PROBLEM STATEMENT:
Leaving out every picture, please repeat exactly the line that contains "2nd Renaissance Frans" and each line after it through the final line below.

DATA BELOW:
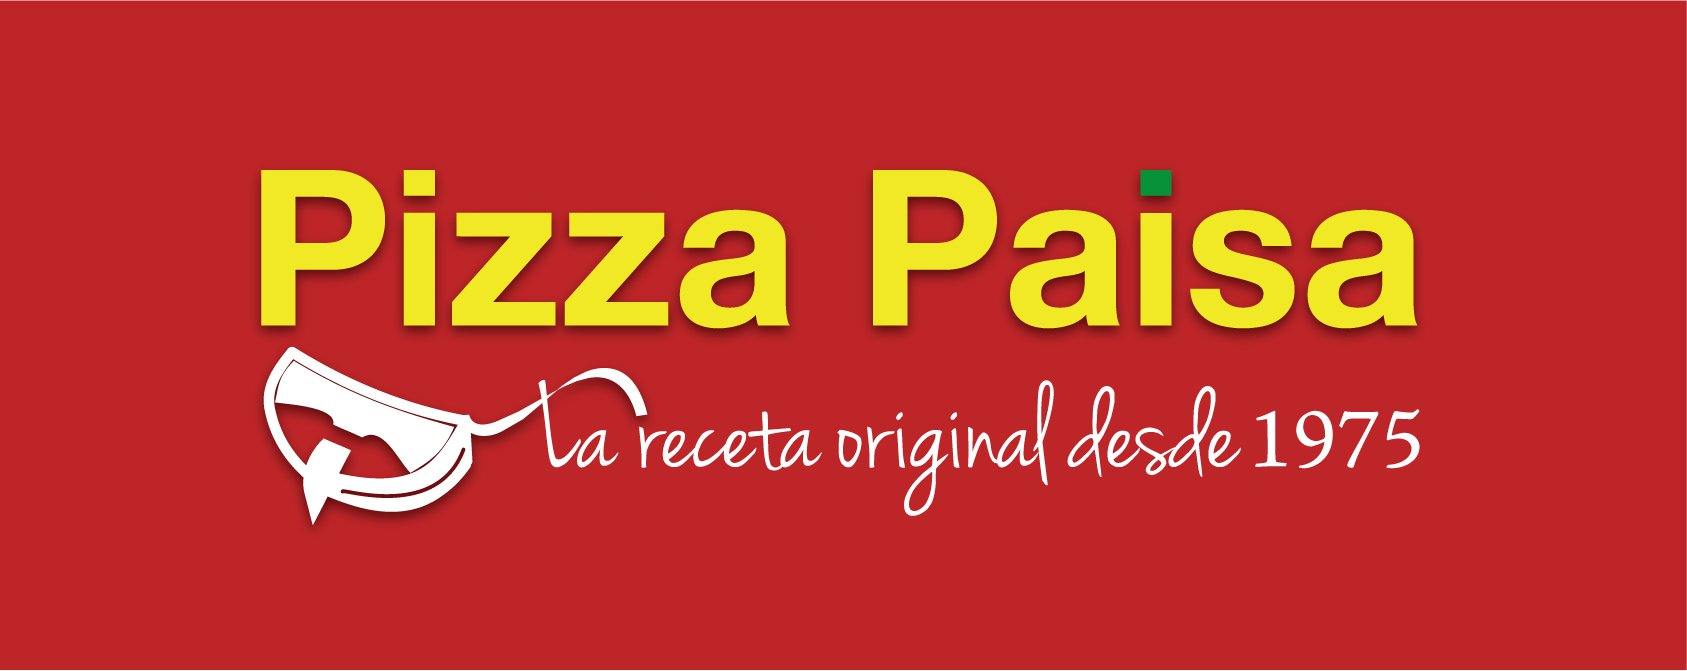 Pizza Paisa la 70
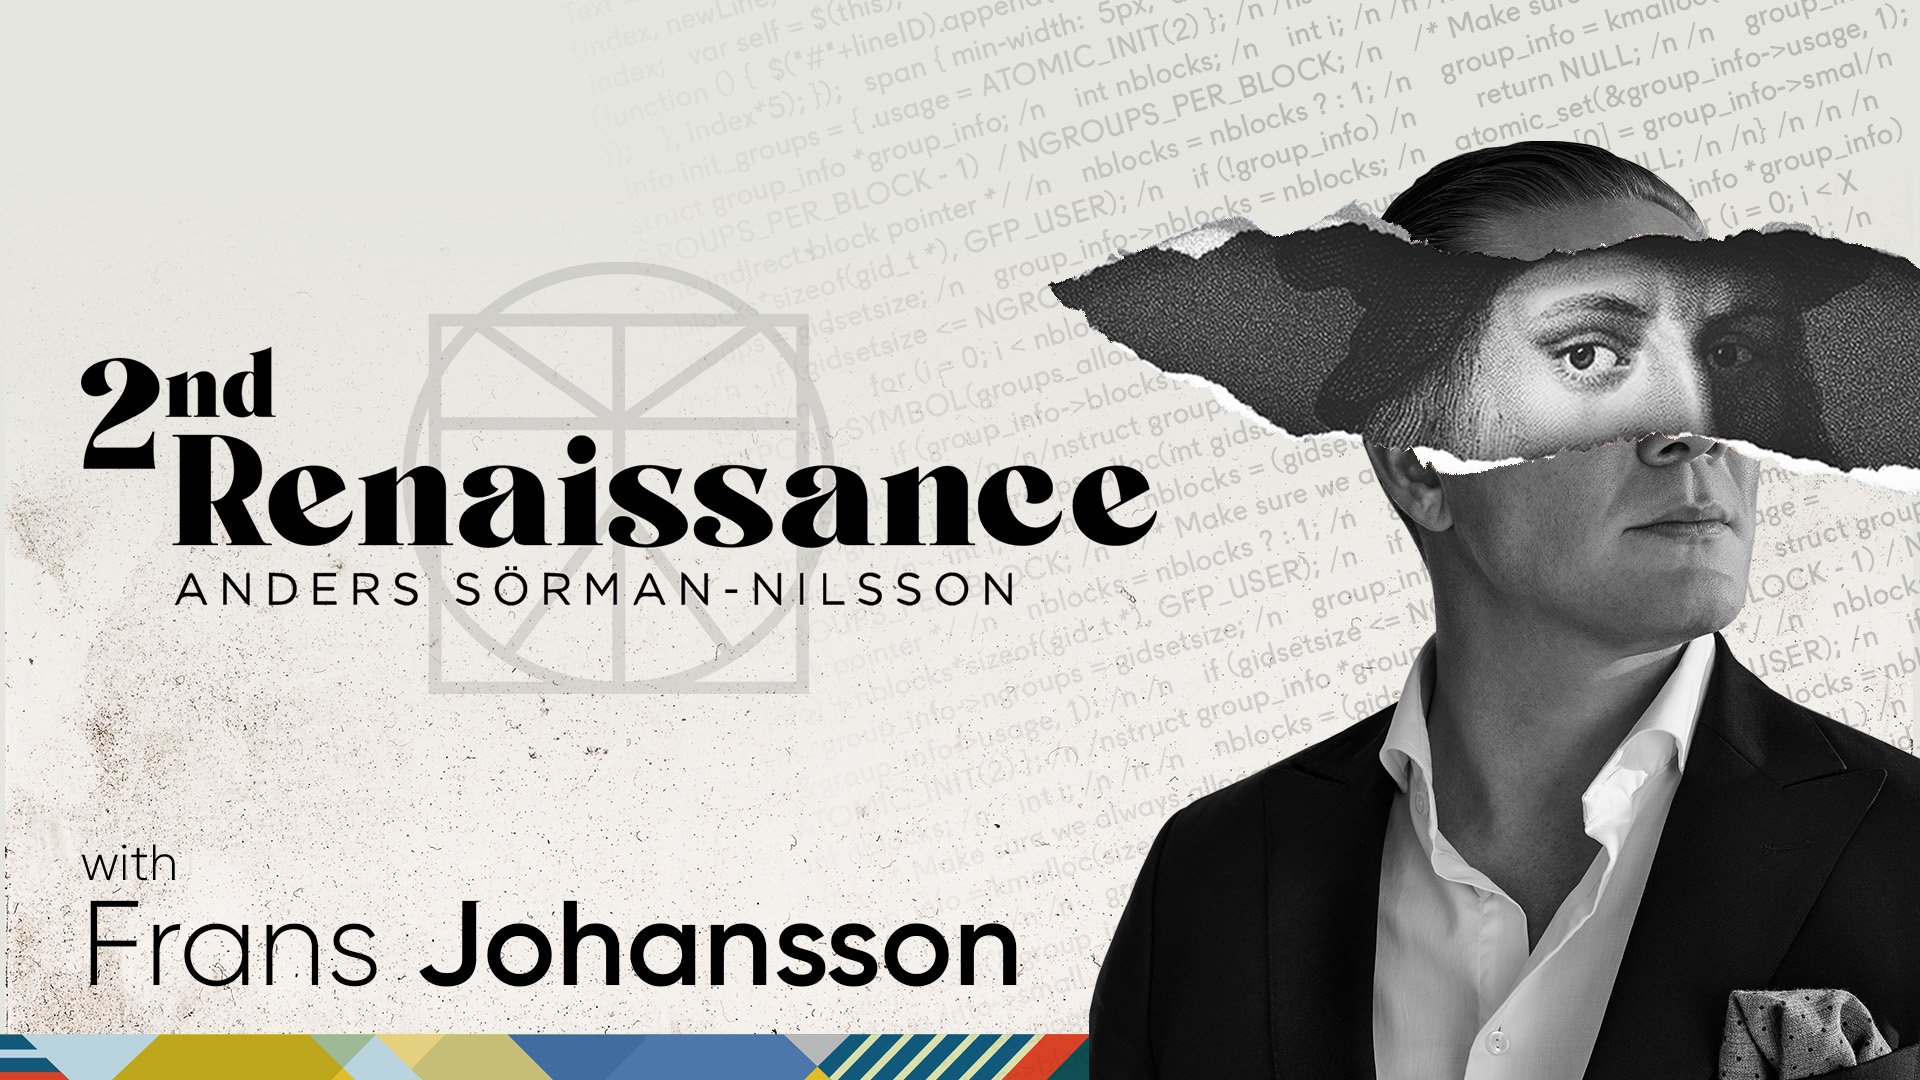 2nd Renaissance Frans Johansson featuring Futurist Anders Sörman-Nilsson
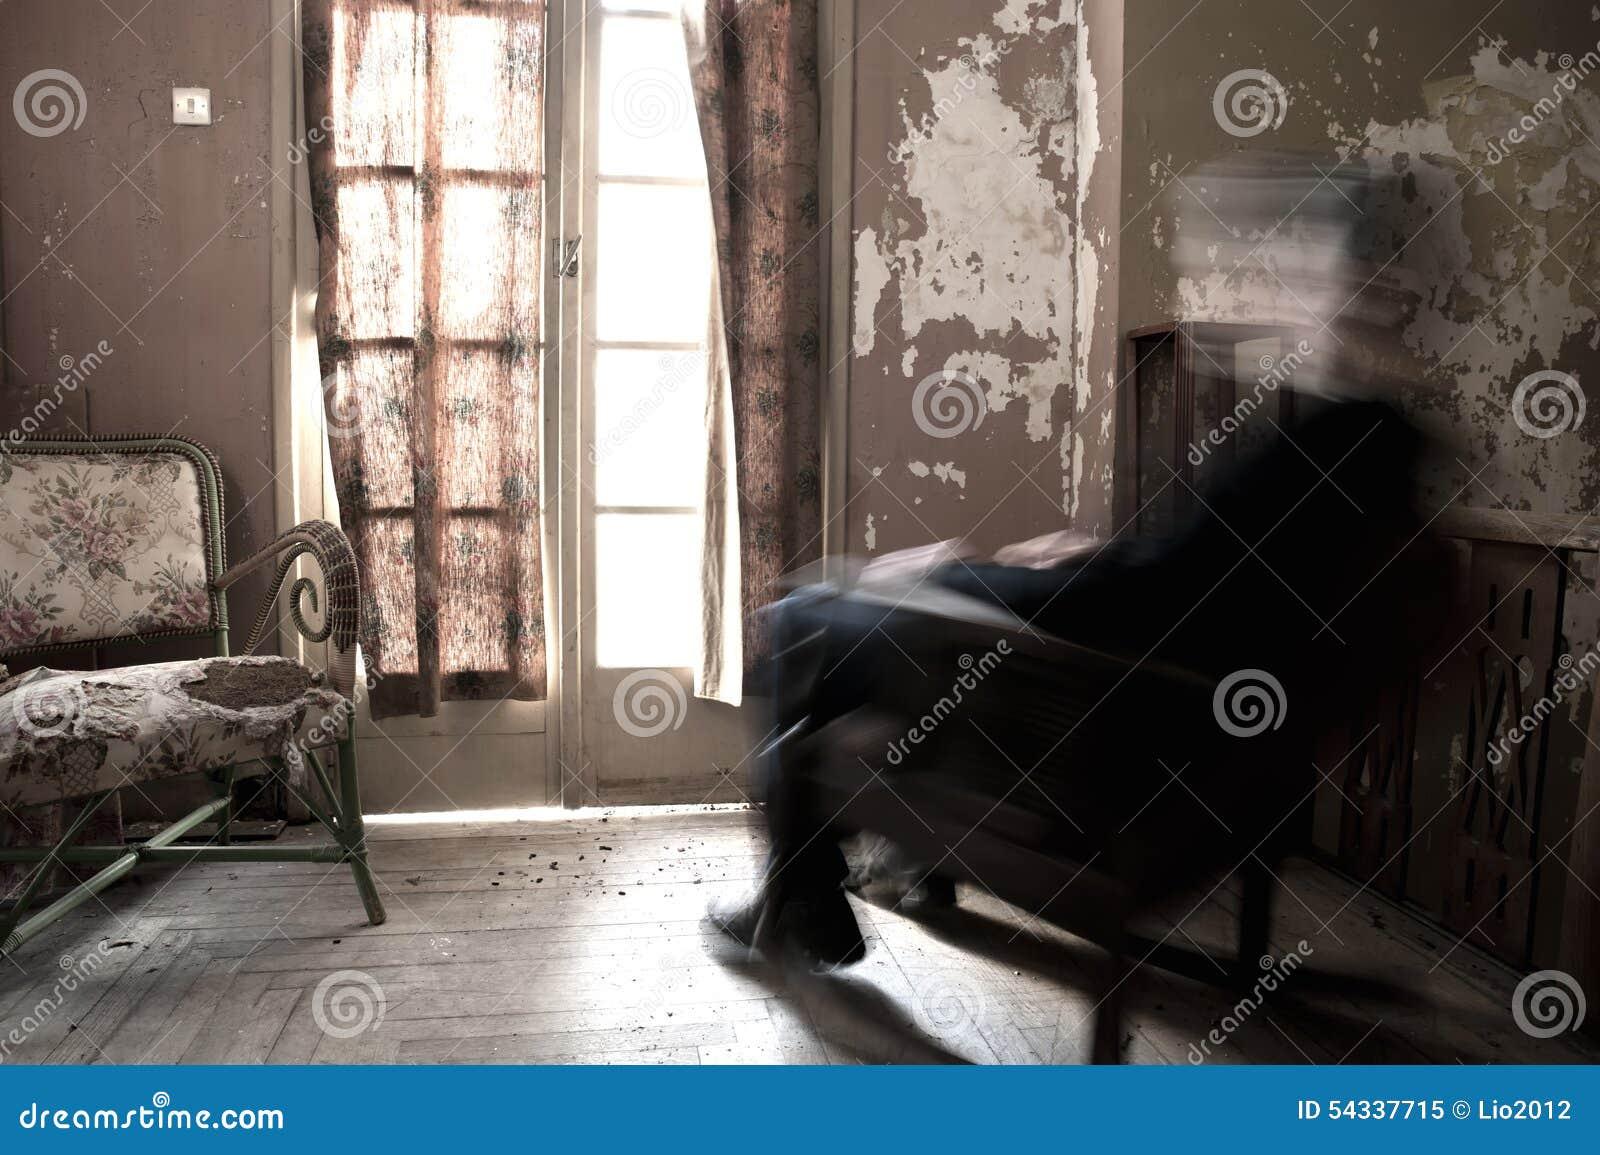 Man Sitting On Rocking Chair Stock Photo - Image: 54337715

ANSWER SPACE:
 2nd Renaissance Frans Johansson featuring Futurist Anders Sörman-Nilsson
 Man Sitting On Rocking Chair Stock Photo - Image: 54337715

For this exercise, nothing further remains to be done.